Джонатан вошел внутрь дома, направился на кухню и бросил рюкзак на стол у холодильника. Висевшая у окна липучка была облеплена мухами. Облеплена настолько, что клейкие трупы ее жертв полностью покрывали ее, подобно запущенному шанкру, покрывающему язык. Он увидел, как муха начала кружиться вокруг липучки, поднырнула под нее и наконец присела на спинку одного из трупов. Джонатан с легким отвращением смотрел, как муха протянула хоботок в зазор между головой и тораксом трупа и начала есть.

Тогда его наконец накрыло омерзение, и он начал двигаться из комнаты в комнату, пододвигая стулья, поднимаясь к потолку и снимая эти липкие мавзолеи. Он так торопился закончить этот отвратительный труд, что дважды липучка падала на него, коронуя гадостным венцом. Он выбегал из дома, сгорбленный, с согнутыми руками, словно житель Помпеи, на которого вот-вот прольется огненный дождь, а затем забегал снова, хныча; помощи ждать было неоткуда. Прежде чем снова засесть за составление указателя, ему пришлось вымыть голову.
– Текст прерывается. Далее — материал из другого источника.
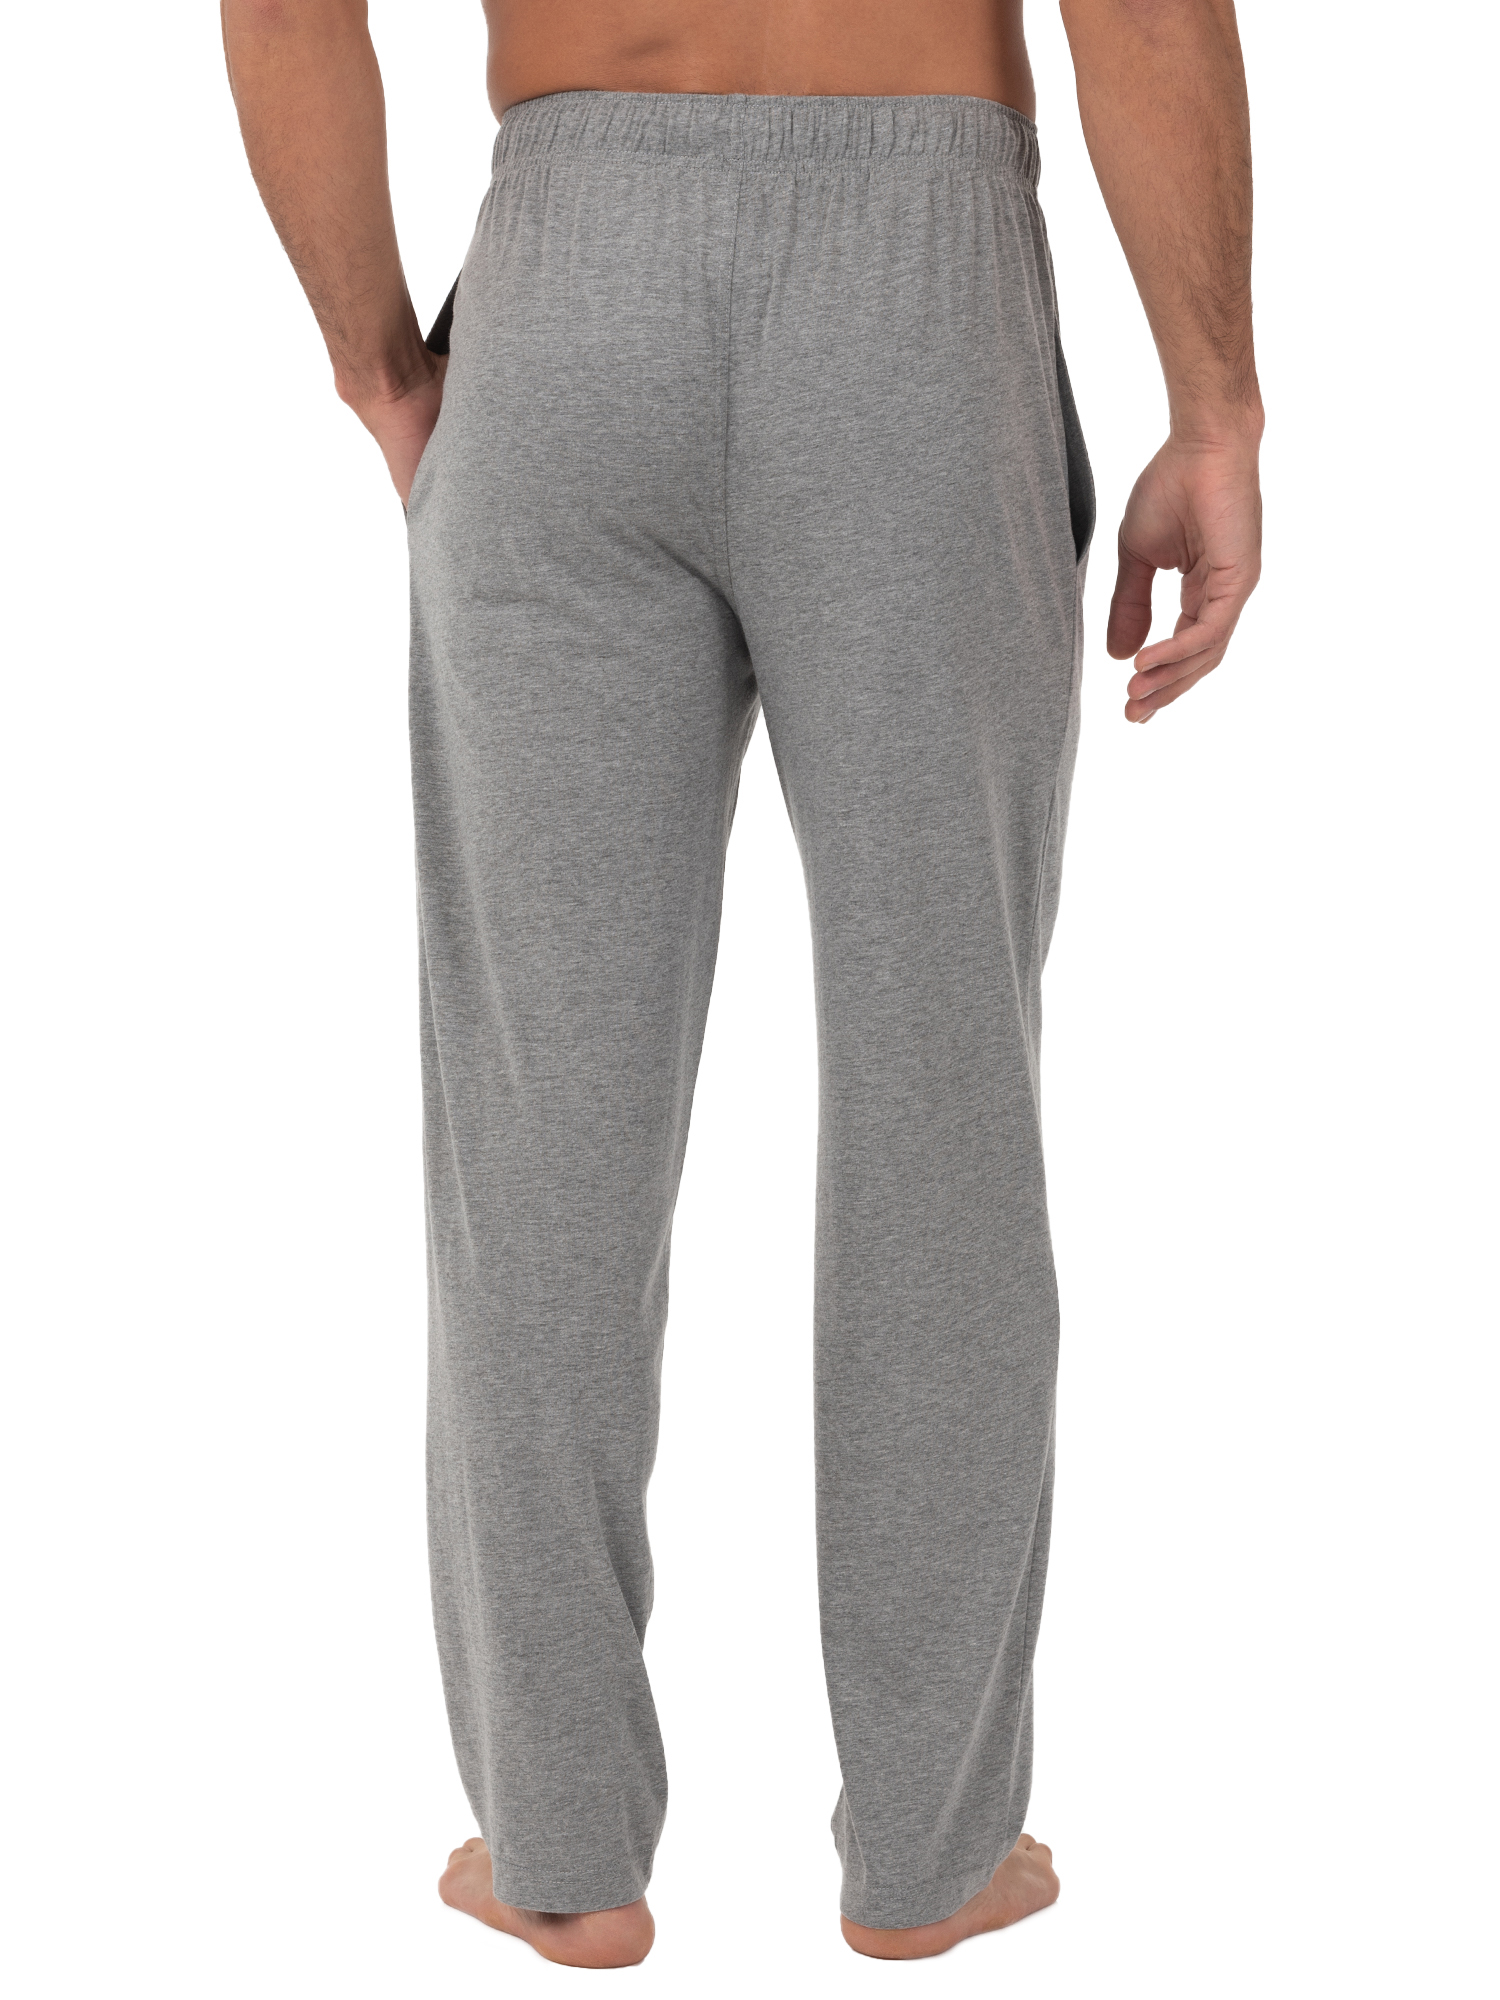 Fruit of the Loom Men's and Big Men's Jersey Knit Pajama Pants, Sizes S-6XL - image 6 of 9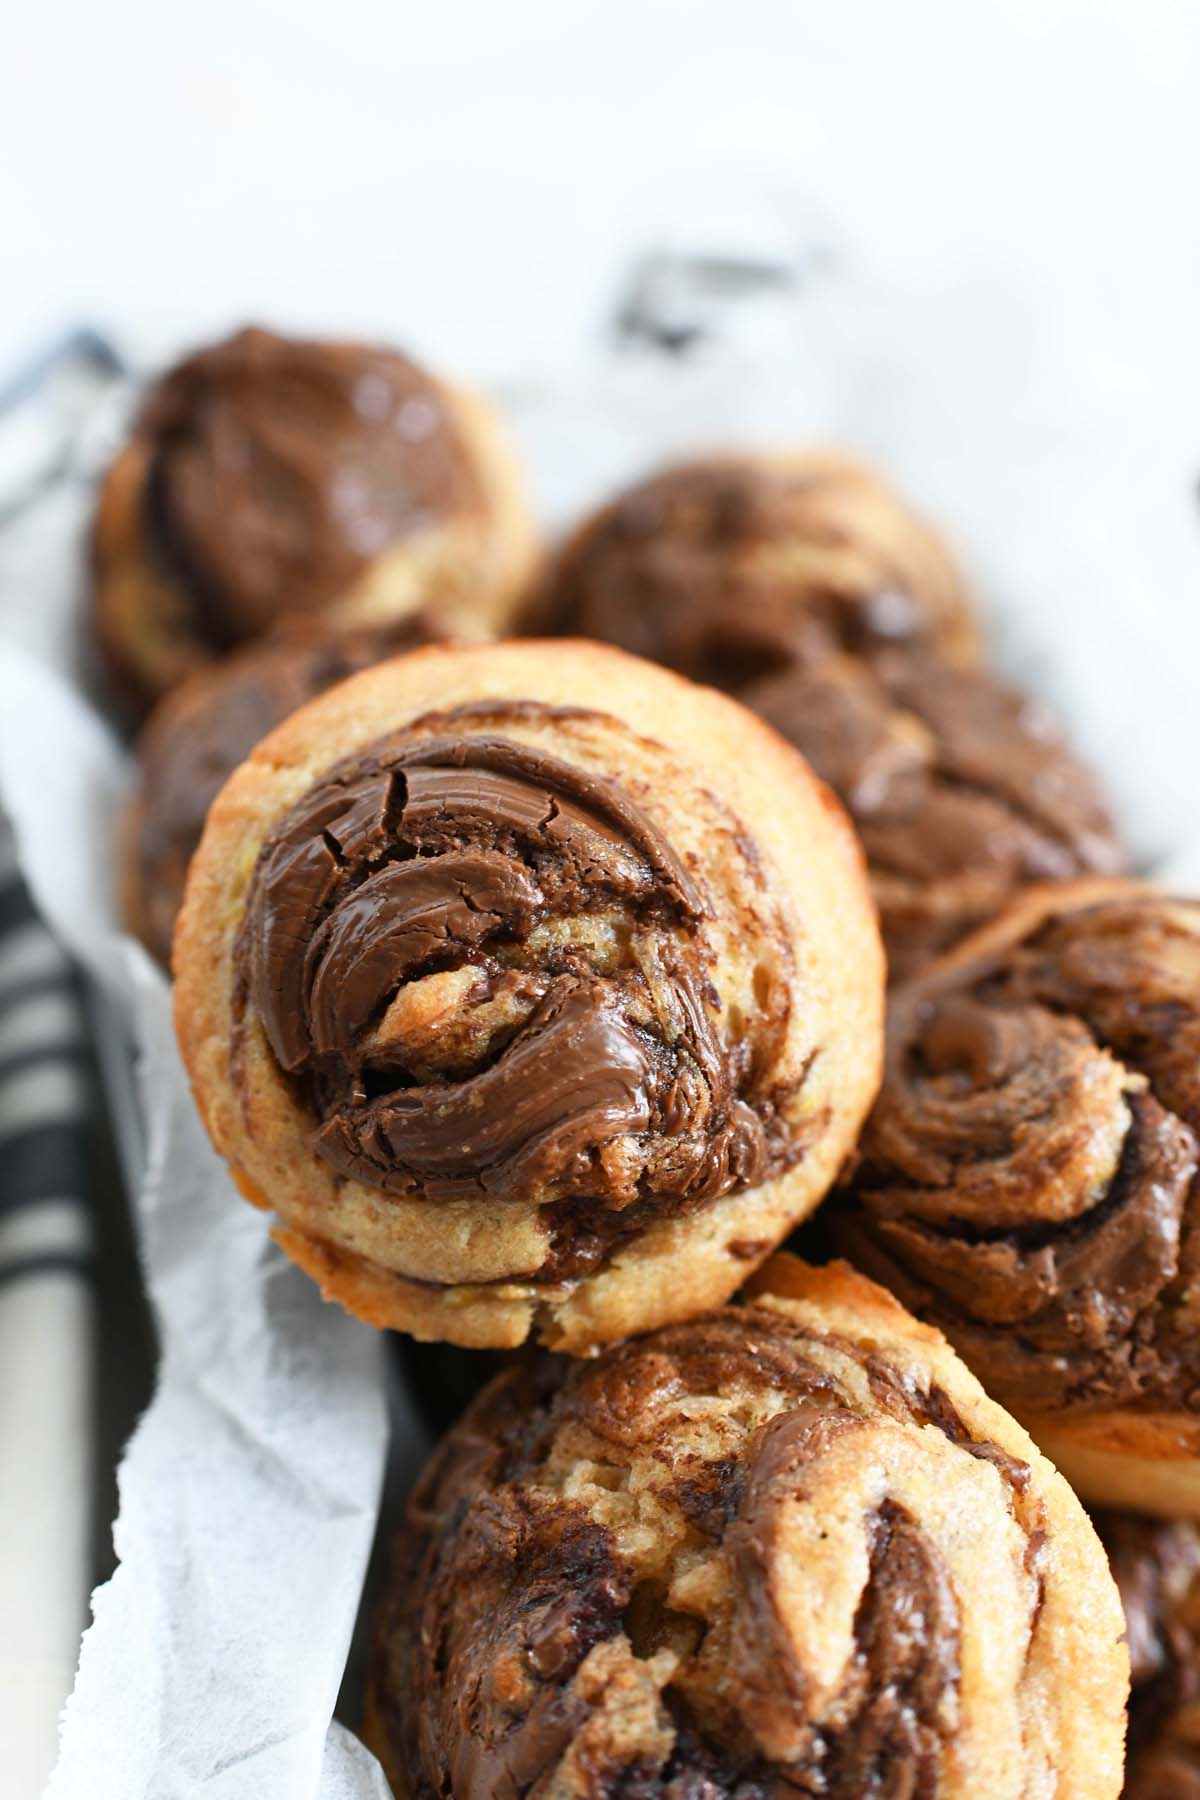 Nutella Swirled Banana Muffins up close. There is a pretty brown Nutella swirl on these banana muffins.

В кабинете золотой луч, пробиваясь сквозь щель в занавесках, высвечивал вытертое пятно на ковре. На экране «макинтоша» маленькие точки летали и отскакивали друг от друга, как насекомые в банке. Джонатан сел в кресло и включил лампу. Он передвинул мышку, и заставка экрана растворилась, уступив место тексту. До своего похода в магазин Джонатан дошел до термина «неф». Слово, обозначающее продольную часть храма. Он вбил три буквы в окно поисковика и нажал клавишу. Компьютер принялся за работу, обрабатывая текст, ища совпадения. Он почувствовал, как расслабляется, сливаясь с машиной. Эта чистая, эргономичная вещь щелкала и гудела по-дружески. Джонатан сконцентрировался на чувстве признательности, стараясь не обращать внимания на более низкое жужжание... Более низкое, более органическое, выдающее агонию.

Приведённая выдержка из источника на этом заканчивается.